ABU DHABI: A legal consultant has warned OFWs not to borrow money from illegal lenders because that would only compound their existing problem.
While it is possible that an expatriate would approach such an usurer only because the expat himself has legal issues, handing over legal documents, such as his passport, would only make matters worse, he said.
According to Pearl Cabali, legal consultant at Gulf Law in Dubai: “Some prefer loan sharks because the process is very fast and informal. These loan sharks appear to be very friendly and helpful when they hand over the money but they become the exact opposite when it’s time to collect it.”
She pointed out that the borrowers themselves are not too keen to follow up with legal procedures when the loan sharks start creating problems. She says she receives four complaints a month from OFWs, of them only a 10th follow-up, reports The National.
Many such borrowers are themselves involved in police cases – possibly blacklisted from banks, or hold expired residence or tourist visas – or ineligible for a bank loan. “Loan sharks are aware of their situation and capitalize on the fact that they cannot seek police assistance even if they are subjected to abusive practices,” Cabali said.
So what does Gulf Law do to help?
“It is always best to settle the case amicably,” Cabali says. “We try to explain that they do not have a commercial license to operate here and it is also illegal to charge a high interest rate.”
The critical document (passport), kept as guarantee by the lender against the loan has to be recovered. So the company sends a legal notice to the lender, to collect the passport and negotiate a realistic repayment scheme.
One borrower, Christina (not her real name), waited a long time before seeking help – in January 2010 a friend connected her to a lender who said she would give an interest-free Dh8,000 loan, but she would have to deposit her passport.
The 28-year-old said: “I was so desperate back then; my tourist visa had to be extended by a month and I couldn’t get a job.”
She did get a job – as a sales staff at a shopping mall – and started paying off the loan six months later, but by then not only were threatening text messages coming in from the loan shark, but she was charging her interest, and her loan had shot up to Dh15,000.
“She threatened to file a case against me with the police and warned that she could have me deported,” Christina said.

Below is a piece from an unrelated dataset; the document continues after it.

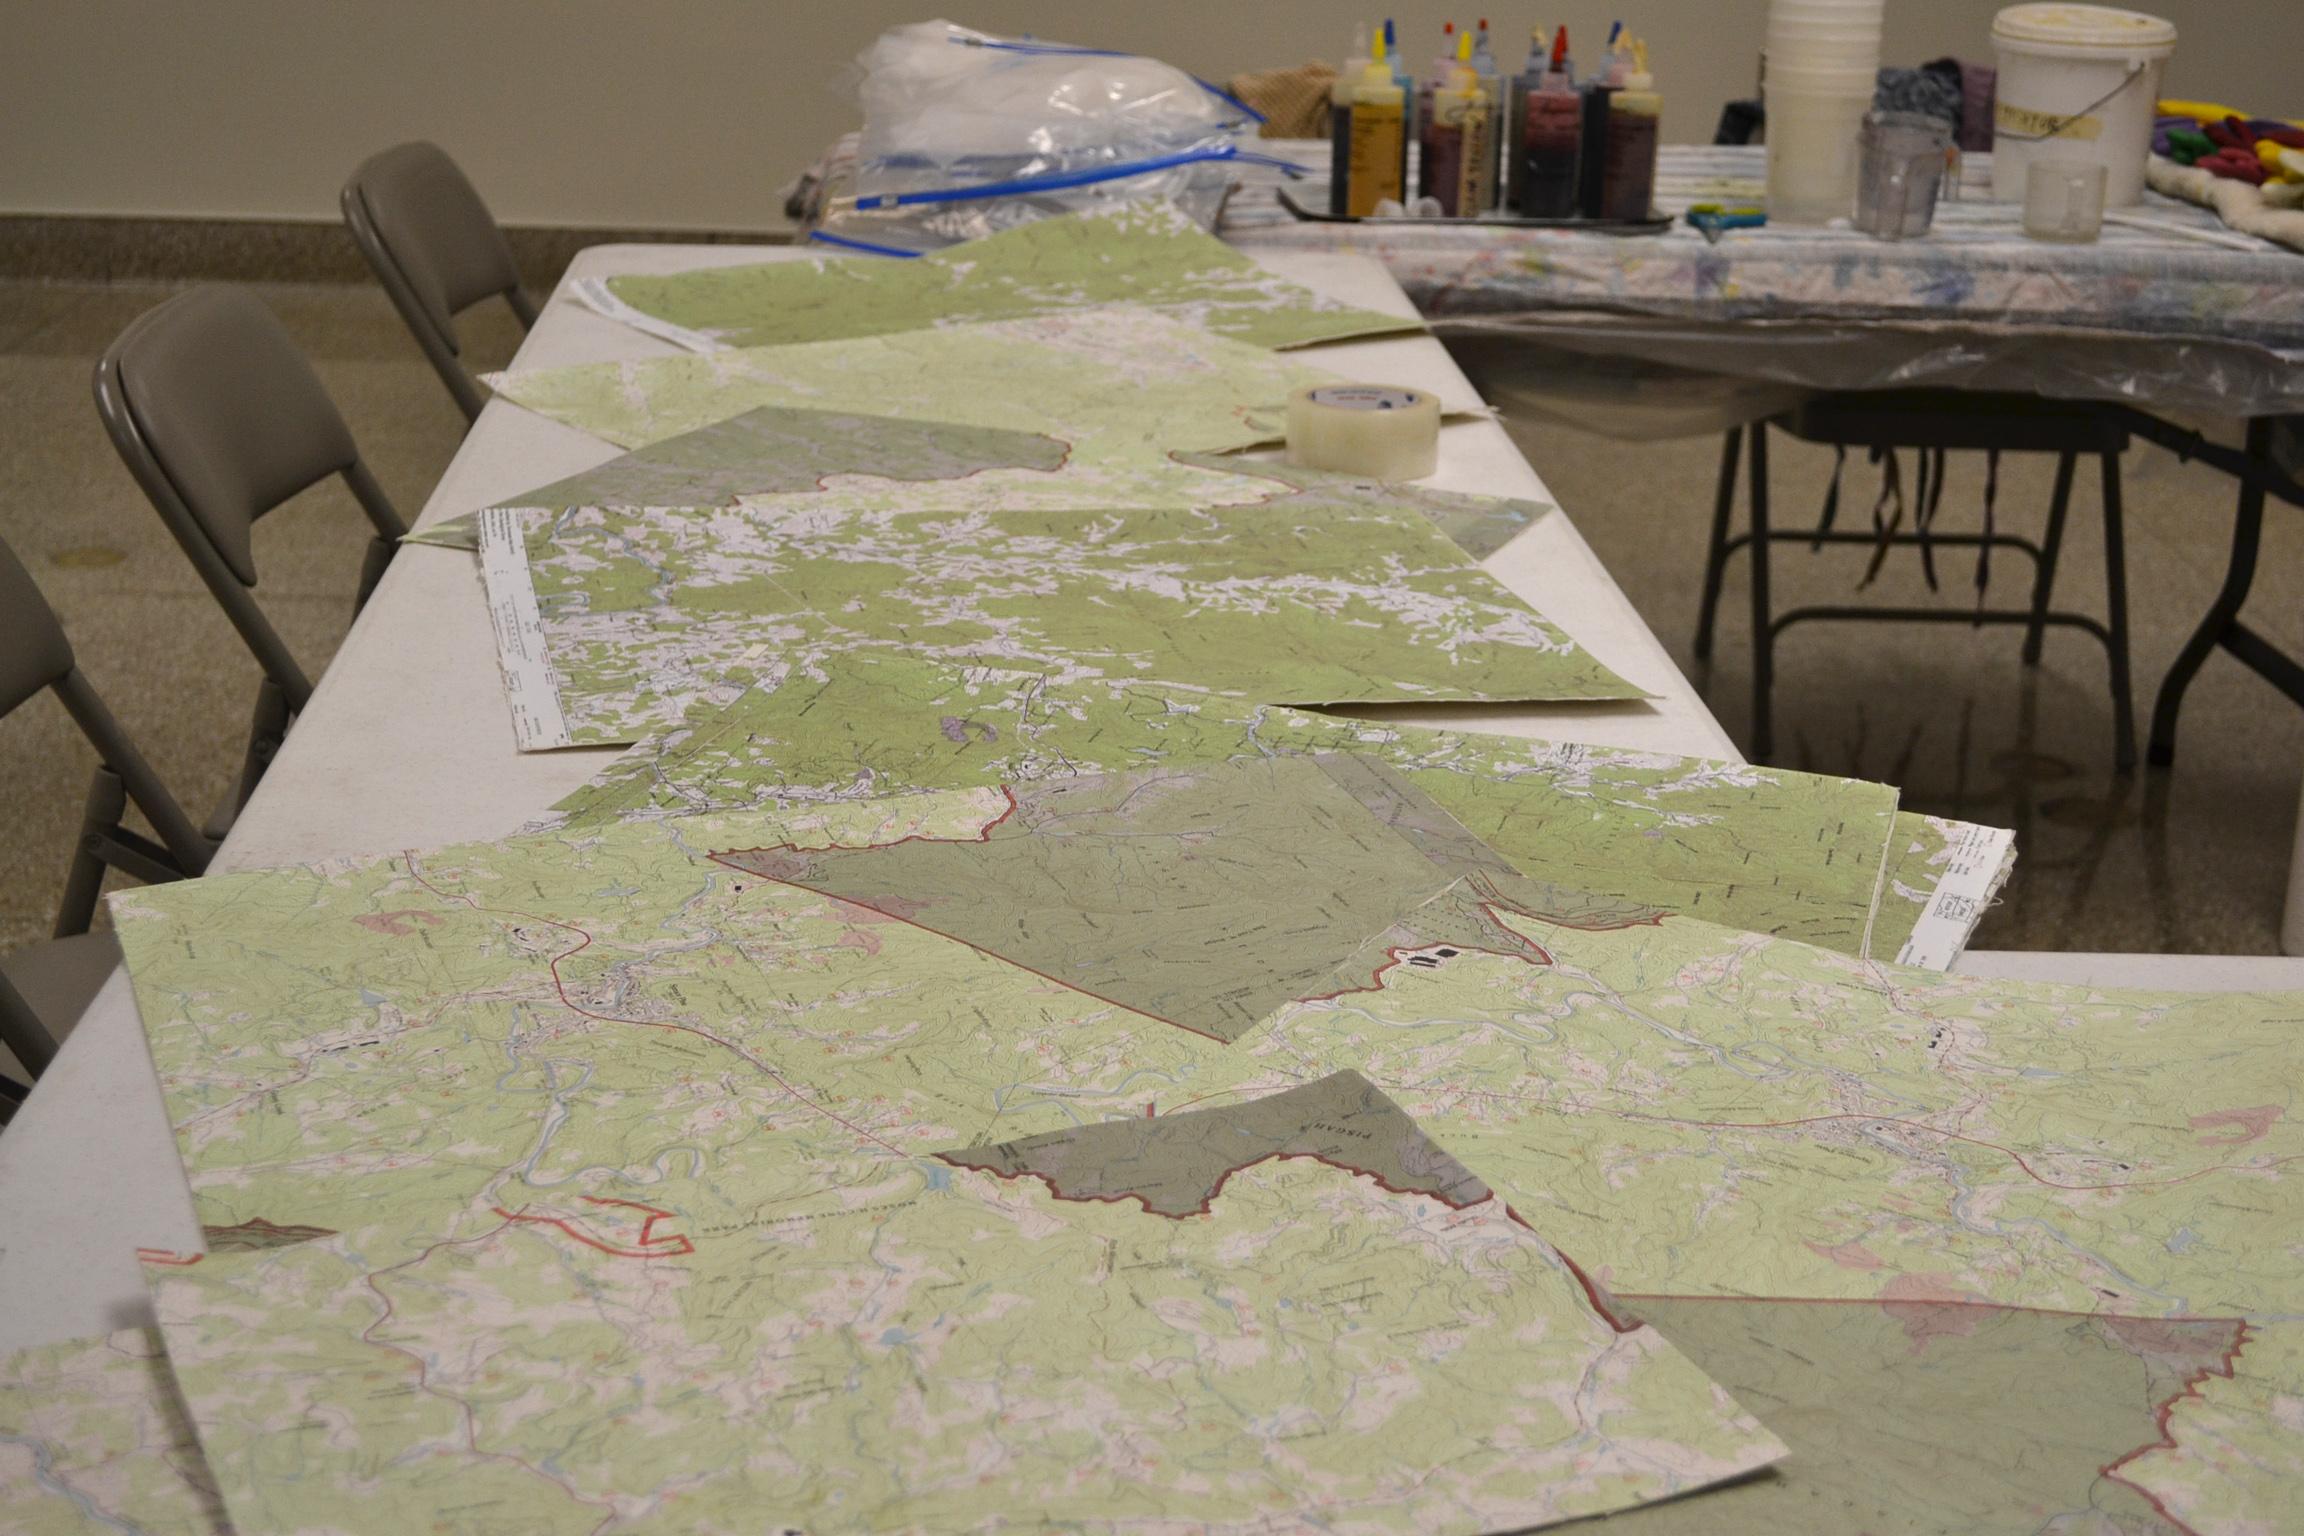 topo maps.jpg

That was when Christina approached the company, which negotiated the loan amount down to Dh10,500. “I got my passport back,” Christina said. “I’m now trying to move on after my traumatic experience.”
Such money lenders themselves are illegal in the UAE. And it is also illegal for anybody to demand the borrower’s passport or an Emirates ID, a labor card, an ATM card, or to ask them to sign checks as a guarantee for a loan.
According to law, those who lend money at unreasonably high rates of interest can be jailed for at least three months plus a fine of at least Dh2,000. The secret is that “Most loan sharks are also Filipinos and take advantage of the weaker Filipinos,” said Ms Cabali.